Your AI Coding Assistant Has a 55.8% Chance of Writing Vulnerable Code. And Your Tools Won’t Catch It.
A security leader’s analysis of the Broken by Default formal verification study — and what it means for every organization that hasn’t reclassified AI-generated code as untrusted input.
This analysis is based on Broken by Default: A Formal Verification Study of Security Vulnerabilities in AI-Generated Code by Blain & Noiseux (Cobalt AI). 3,500 code artifacts. 7 production LLMs. 500 security-critical prompts. Z3 SMT formal verification — not pattern matching. The full dataset is publicly available at
github.com/dom-omg/bbd-dataset.
|
55.8% Mean Vulnerability Rate |
1,055 Z3-Proven Exploitable |
97.8% Invisible to SAST Tools |
0 / 7 Models at Grade C or Better |
We built our security programs on an assumption so foundational that most of us never articulated it: the person writing the code understands what they’re writing. They know the language’s edge cases, the context of the system, the difference between code that compiles and code that’s safe. Our entire review apparatus — peer review, static analysis, penetration testing — was designed around the premise that a knowledgeable human sits at the origin of every code artifact, and our tools exist to catch the mistakes that even knowledgeable humans make.
That assumption is now invalid for a growing share of production code. And the evidence is no longer anecdotal.
A formal verification study published April 5, 2026 — Broken by Default by Dominik Blain and Maxime Noiseux of Cobalt AI — has produced the most methodologically rigorous quantification I’ve seen of AI-generated code insecurity. Not heuristic warnings. Not pattern-matching guesses. Mathematical proof of exploitability, using the Z3 SMT solver to generate concrete exploit inputs for each vulnerability identified.
The top-line number: 55.8% of AI-generated code artifacts contain at least one verified vulnerability. Across seven widely-deployed LLMs. Across 3,500 code samples. With 1,055 vulnerabilities formally proven exploitable via satisfiability witnesses — meaning the solver produced the exact input value that triggers each fault.
This post is my attempt to unpack what that means — not just as a research finding, but as an operational reality for anyone responsible for securing an enterprise software development pipeline in 2026.
From Pattern Matching to Mathematical Proof
The AI code security conversation has been building for years. Pearce et al. (2022) evaluated GitHub Copilot on 89 scenarios and found 40% of suggestions contained vulnerabilities. Perry et al. (2023) ran a controlled user study showing developers using AI assistants wrote significantly more security bugs — while reporting higher confidence in their code. Veracode’s 2025 GenAI Code Security Report tested over 100 LLMs across 80 coding tasks and found a 45% security failure rate, unchanged in their 2026 update.

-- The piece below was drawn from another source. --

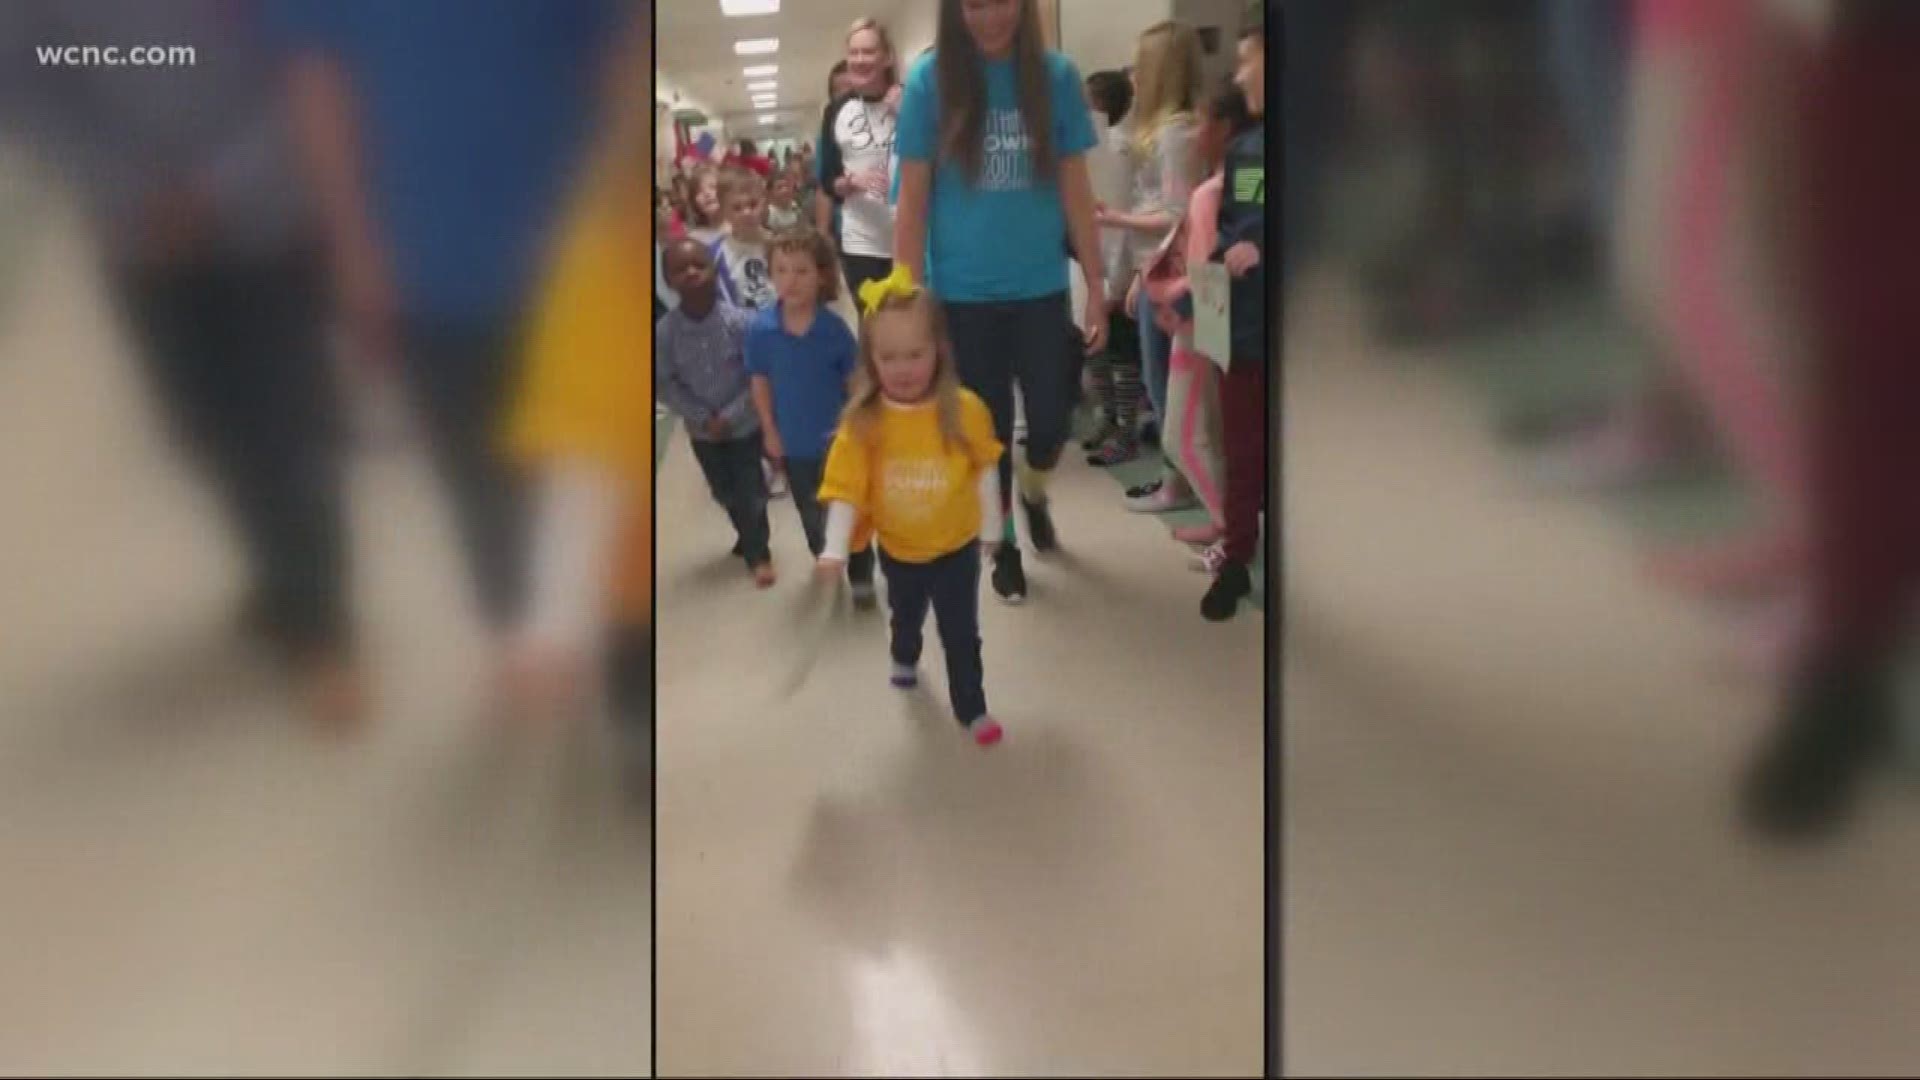 A school wide parade just for her

These studies established the problem. Broken by Default changes the conversation because it establishes the ground truth of exploitability.
Prior work relied on CWE pattern matching — static rules that identify code structures known to be associated with vulnerability classes. This tells you something looks dangerous. It does not tell you whether an attacker can actually trigger the fault, or what input would do it.

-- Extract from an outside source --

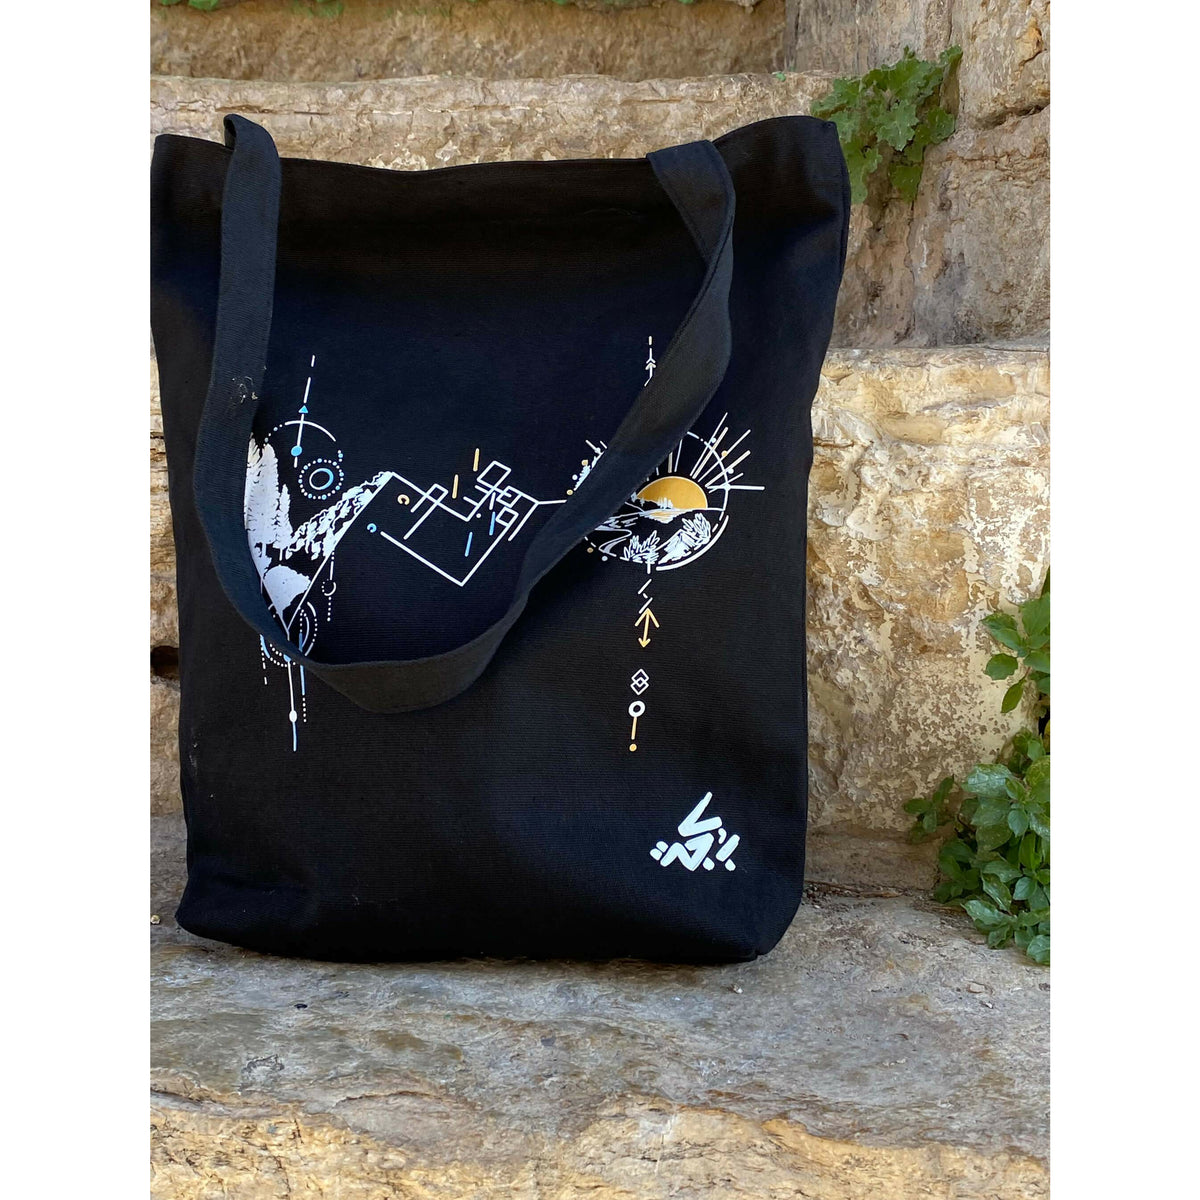 Day and Night (Arabic Calligraphy) Black Tote Bag

The COBALT pipeline encodes vulnerability conditions as Z3 Satisfiability Modulo Theories formulas. For an integer overflow in
malloc(n * sizeof(int)), it models n as a free variable of type BitVec(32), encodes the overflow condition under unsigned 32-bit modular arithmetic, and asks: is there a value of n that makes this expression wrap around? When Z3 returns SAT, you get a witness — a concrete value (e.g., n = 2³⁰ + 1) that you can feed directly into the program to trigger the fault. This is the difference between “this pattern is associated with CWE-190” and “here is the exact input that causes a heap buffer overflow.”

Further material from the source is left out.